In Italien erregte meine Vernehmung ebenfalls großes Medieninteresse. Der Corriere della Sera brachte die Schlagzeile:
DIE BESTIE:
DUELL ZWISCHEN STAATSANWALT UND AMERIKANISCHEM AUTOR
Serienmorde von Florenz. Thriller-Autor wird Schweigen zum Verhängnis – Anklage! Seine Kollegen machen mobil.
Ein Bericht lief über die ANSA, die italienische Nachrichtenagentur: »Die Staatsanwaltschaft Perugia befragte den amerikanischen Schriftsteller Douglas Preston als bedeutenden Zeugen und beschuldigte ihn dann der Aussageverweigerung. Preston und Mario Spezi haben ein Buch über den Fall geschrieben, das im April erscheinen soll – Dolci Colline di Sangue , Spezi zufolge eine Art Gegenermittlung zur offiziellen Version.
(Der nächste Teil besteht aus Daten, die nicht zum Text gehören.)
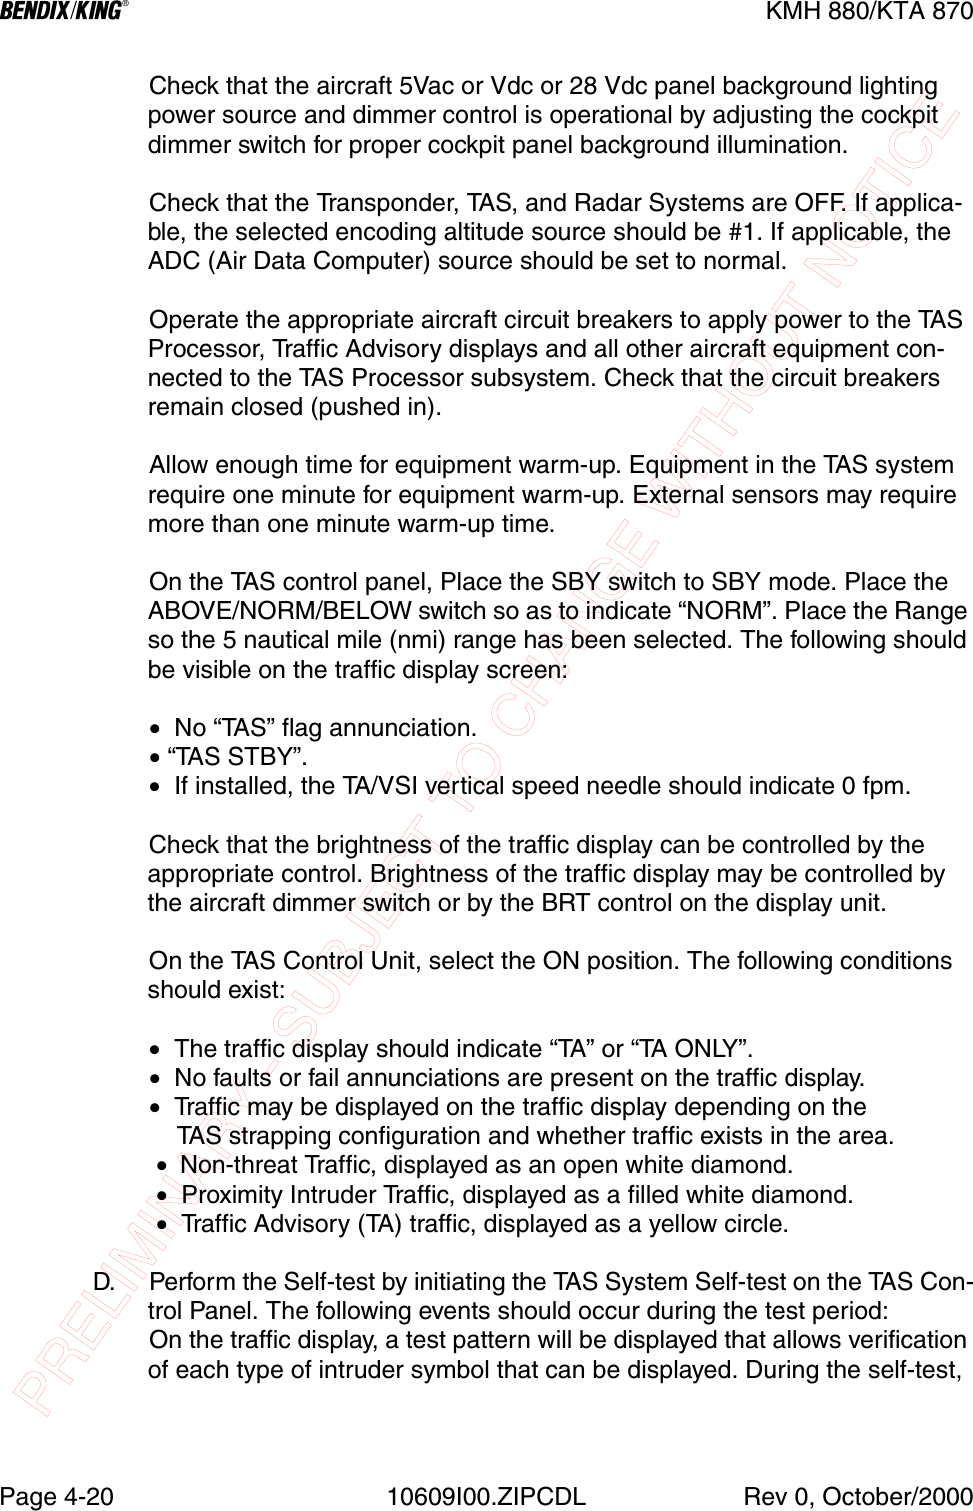 PRELIMINARY - SUBJECT TO CHANGE WITHOUT NOTICEBKMH 880/KTA 870Page 4-20 10609I00.ZIPCDL Rev 0, October/2000Check that the aircraft 5Vac or Vdc or 28 Vdc panel background lighting power source and dimmer control is operational by adjusting the cockpit dimmer switch for proper cockpit panel background illumination.Check that the Transponder, TAS, and Radar Systems are OFF. If applica-ble, the selected encoding altitude source should be #1. If applicable, the ADC (Air Data Computer) source should be set to normal.Operate the appropriate aircraft circuit breakers to apply power to the TAS Processor, Traffic Advisory displays and all other aircraft equipment con-nected to the TAS Processor subsystem. Check that the circuit breakers remain closed (pushed in).Allow enough time for equipment warm-up. Equipment in the TAS system require one minute for equipment warm-up. External sensors may require more than one minute warm-up time.On the TAS control panel, Place the SBY switch to SBY mode. Place the ABOVE/NORM/BELOW switch so as to indicate “NORM”. Place the Range so the 5 nautical mile (nmi) range has been selected. The following should be visible on the traffic display screen:•  No “TAS” flag annunciation.• “TAS STBY”.•  If installed, the TA/VSI vertical speed needle should indicate 0 fpm.Check that the brightness of the traffic display can be controlled by the appropriate control. Brightness of the traffic display may be controlled by the aircraft dimmer switch or by the BRT control on the display unit.On the TAS Control Unit, select the ON position. The following conditions should exist:•  The traffic display should indicate “TA ” or “TA ONLY”.•  No faults or fail annunciations are present on the traffic display.•  Traffic may be displayed on the traffic display depending on the    TAS strapping configuration and whether traffic exists in the area. •  Non-threat Traffic, displayed as an open white diamond. •  Proximity Intruder Traffic, displayed as a filled white diamond. •  Traffic Advisory (TA) traffic, displayed as a yellow circle.D. Perform the Self-test by initiating the TAS System Self-test on the TAS Con-trol Panel. The following events should occur during the test period:On the traffic display, a test pattern will be displayed that allows verification of each type of intruder symbol that can be displayed. During the self-test, 
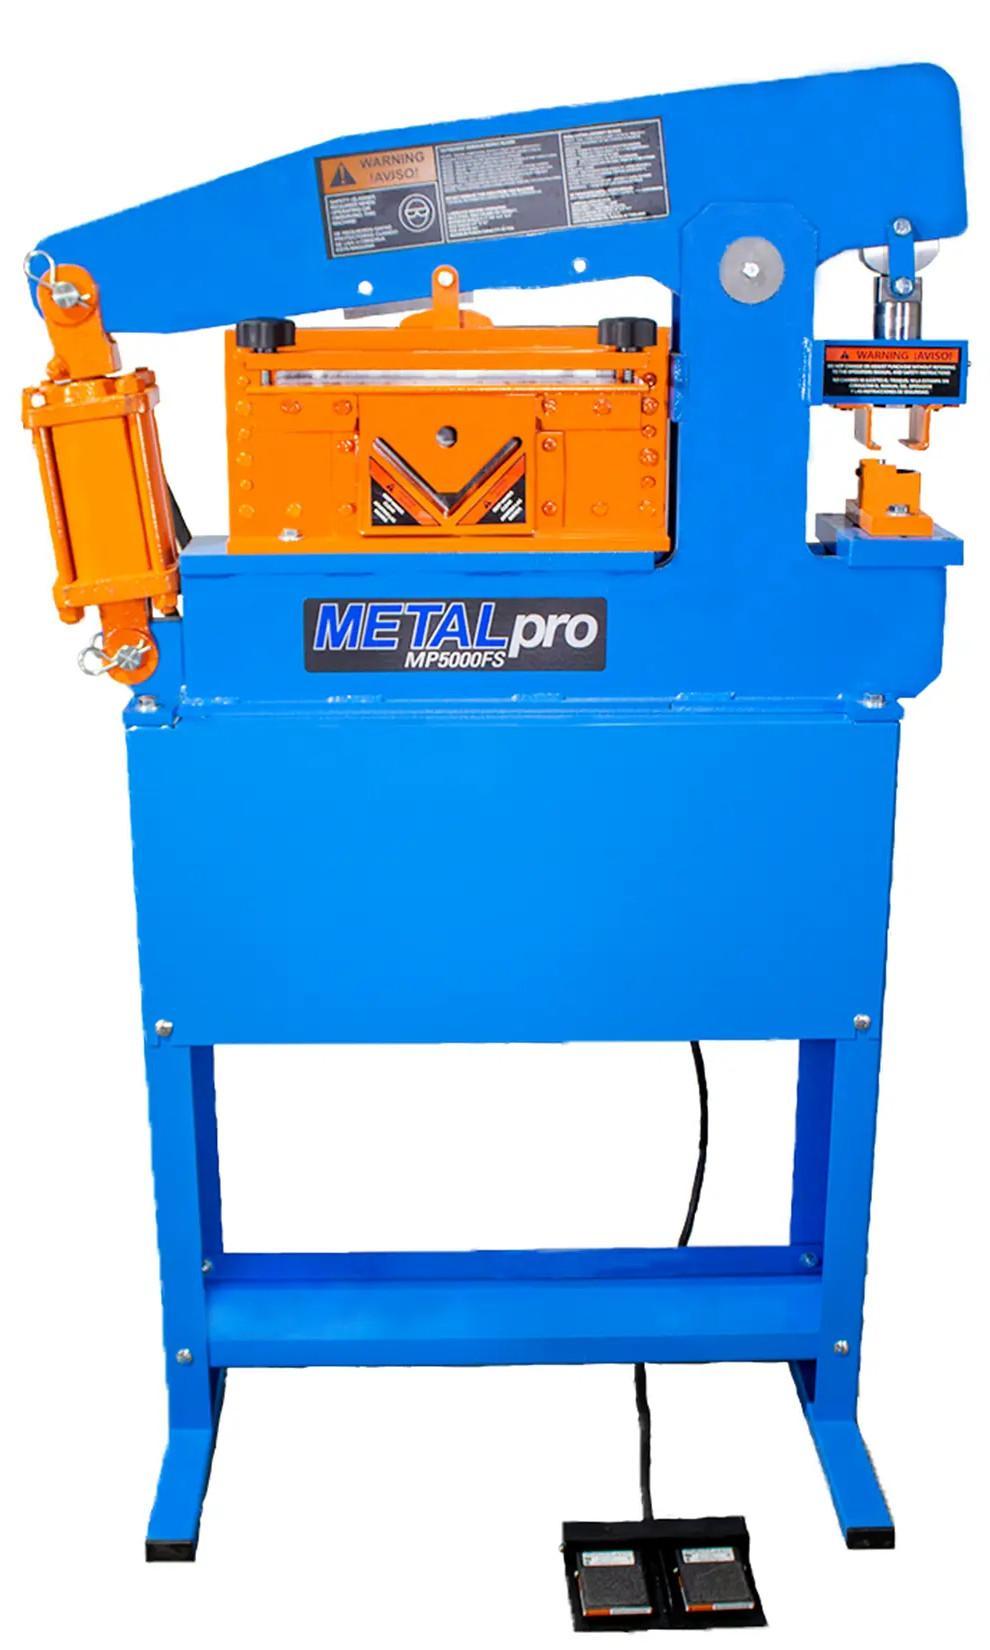 50 TON IRONWORKER, 1-12HP, 110V, WEIGHT 575 LBS, DIMS: 37 X 24 X 55-1/4

Vor zwei Jahren wurde gegen Spezi als mutmaßlichen Mitwisser des Mordes an Narducci ermittelt, später warf man ihm Mittäterschaft vor.« Andere Artikel enthielten Informationen, die anscheinend aus Migninis Behörde durchgesickert waren, denn darin wurde behauptet, Spezi und ich hätten versucht, die berüchtigte 22er Beretta bei der Villa zu verstecken, um einen unschuldigen Mann in Verruf zu bringen.